- SUPPLIED INFORMATION -
⟨

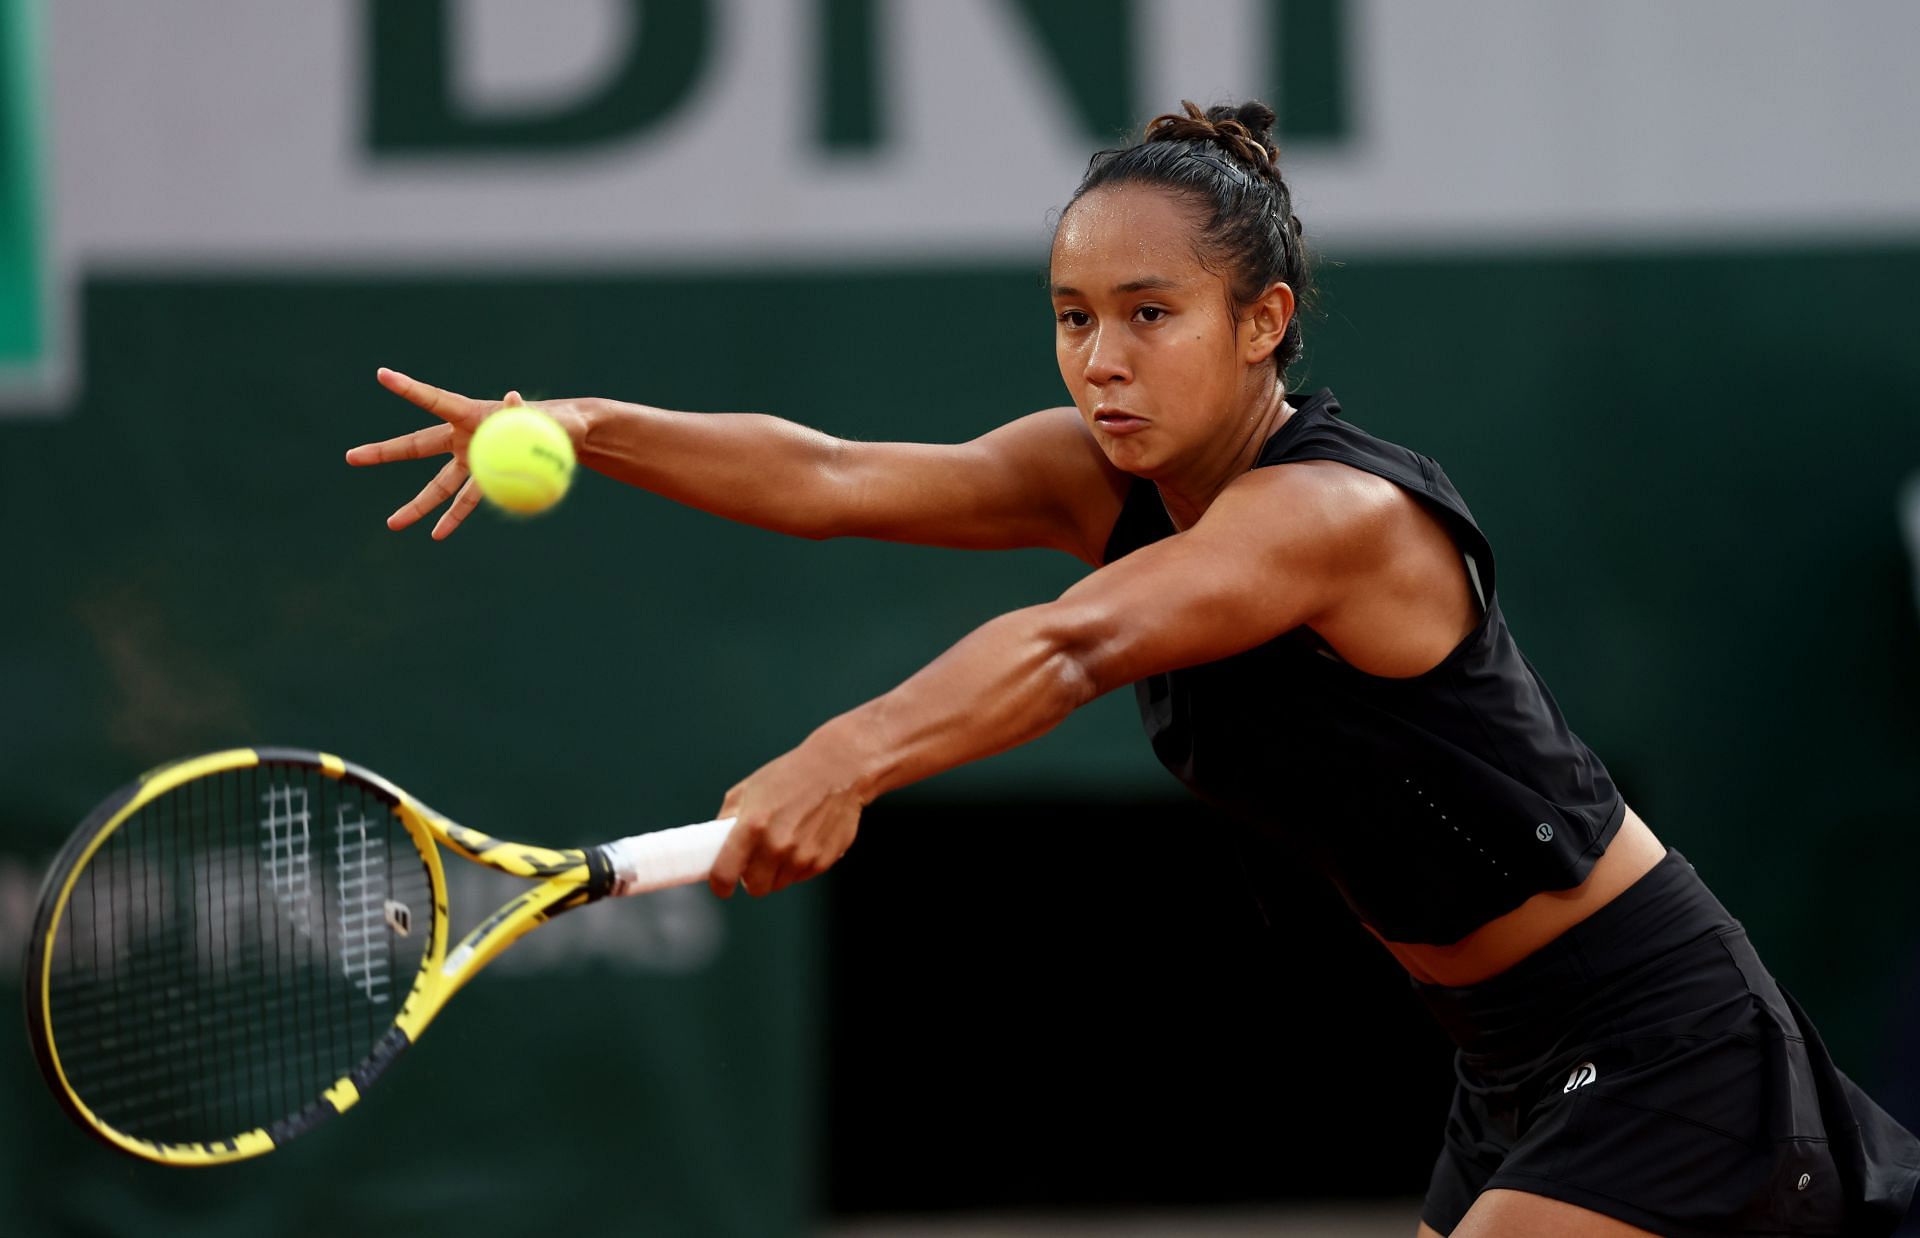 Leylah Fernandez in action at the 2022 French Open
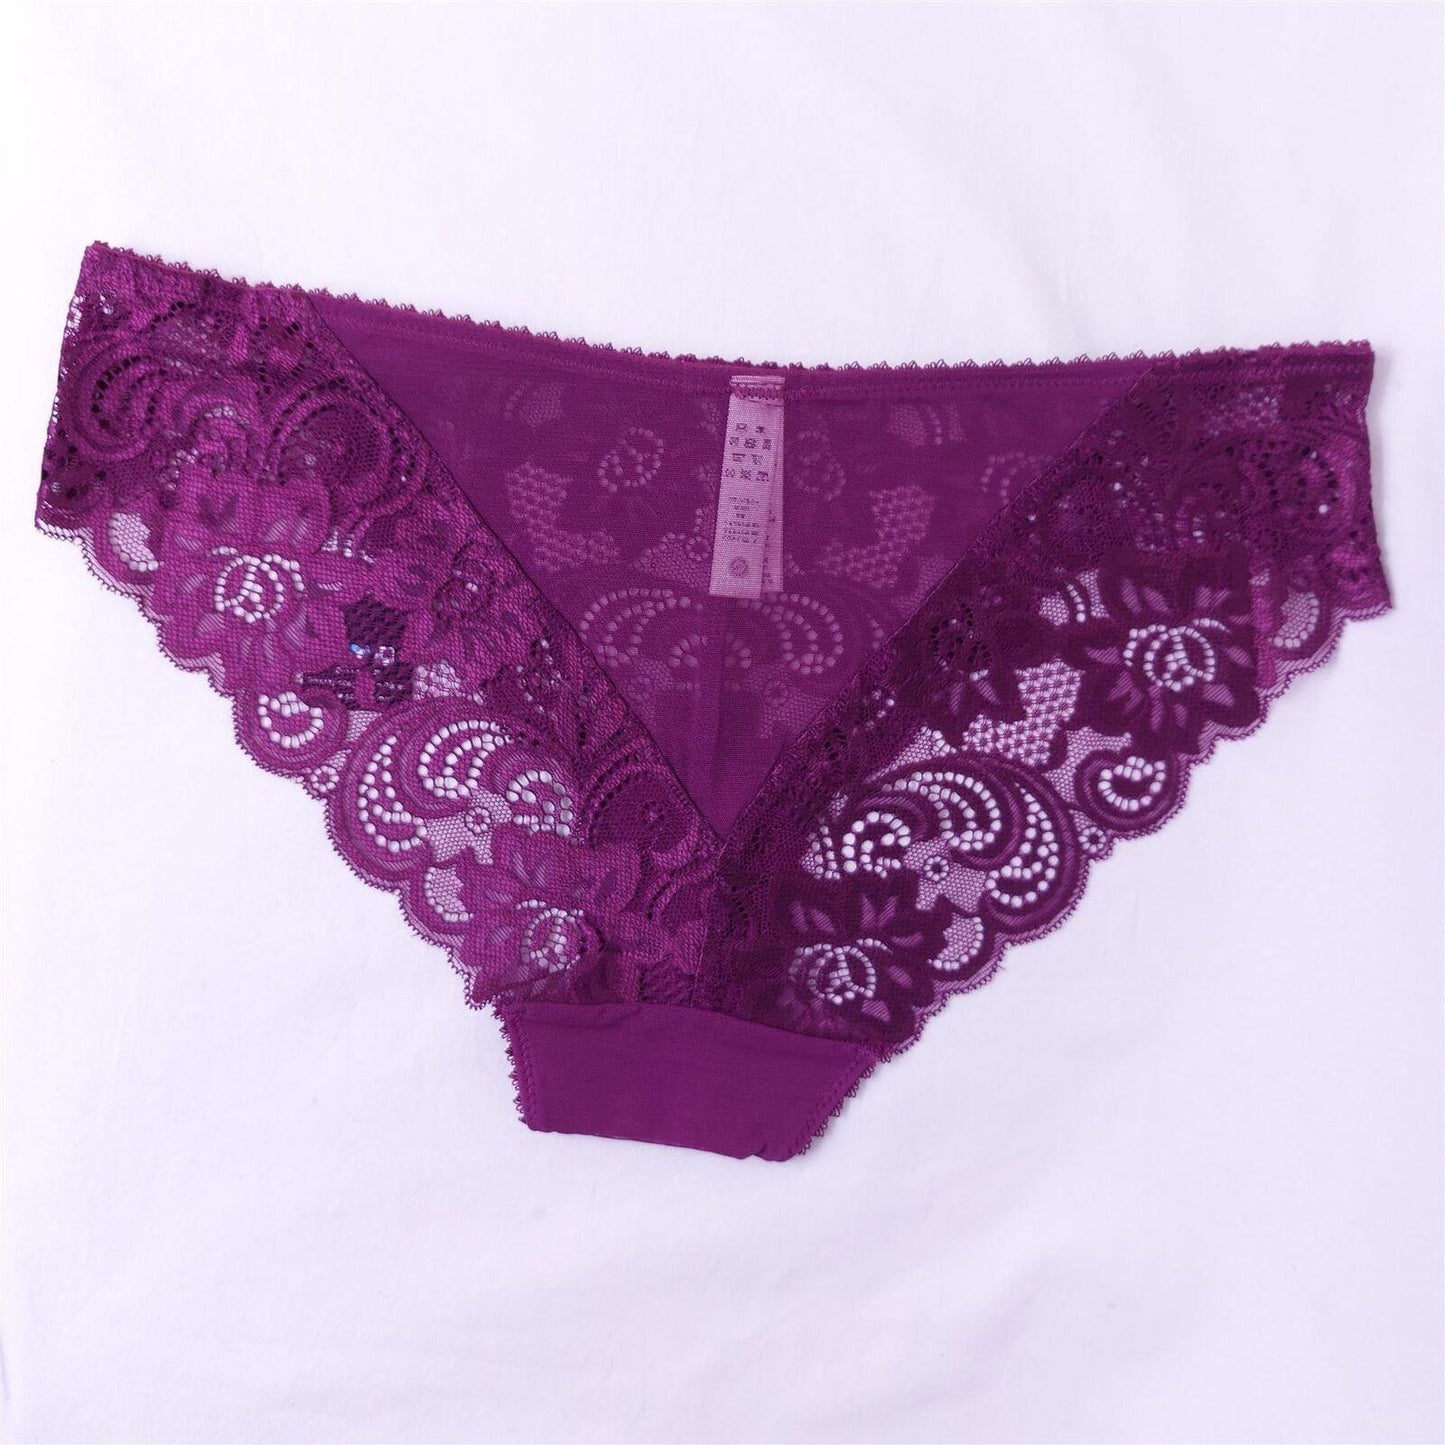 2-Pack Gossard Lace Brief Knickers Multipack Size 8-10 Purple Multipack New
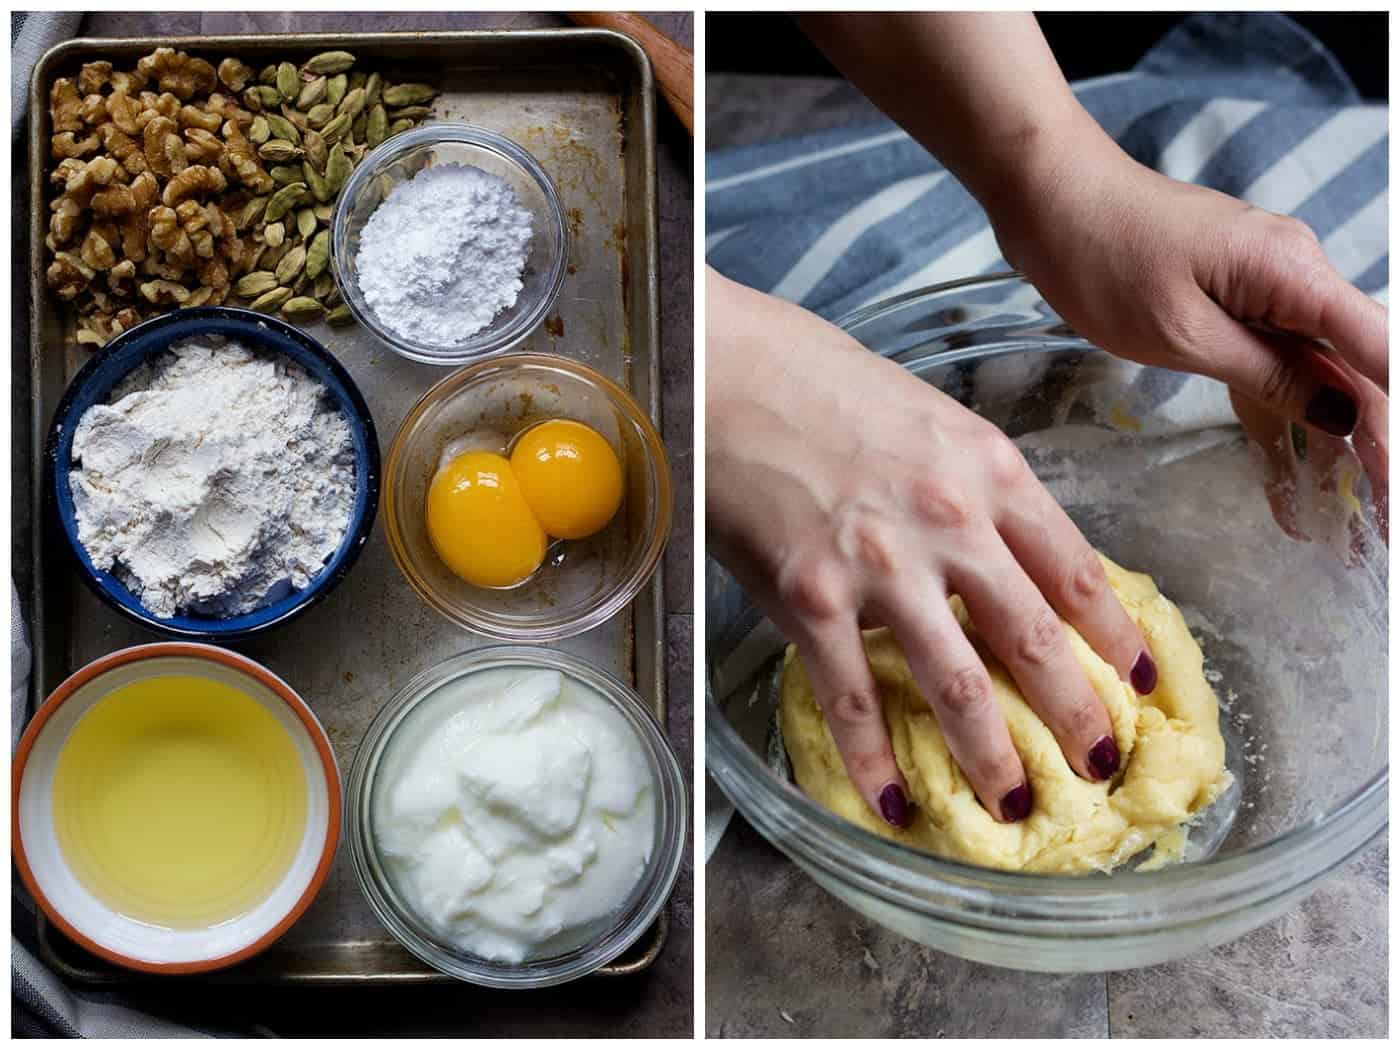 To make this Persian dessert you need walnuts, sugar, cardamom, flour, vegetable oil and egg yolk. Make the dough fist.

⟩

- PROBLEM STATEMENT -
Print the listing exactly, images excluded.

- ANSWER SPACE -
 Leylah Fernandez in action at the 2022 French Open
 2-Pack Gossard Lace Brief Knickers Multipack Size 8-10 Purple Multipack New
 To make this Persian dessert you need walnuts, sugar, cardamom, flour, vegetable oil and egg yolk. Make the dough fist.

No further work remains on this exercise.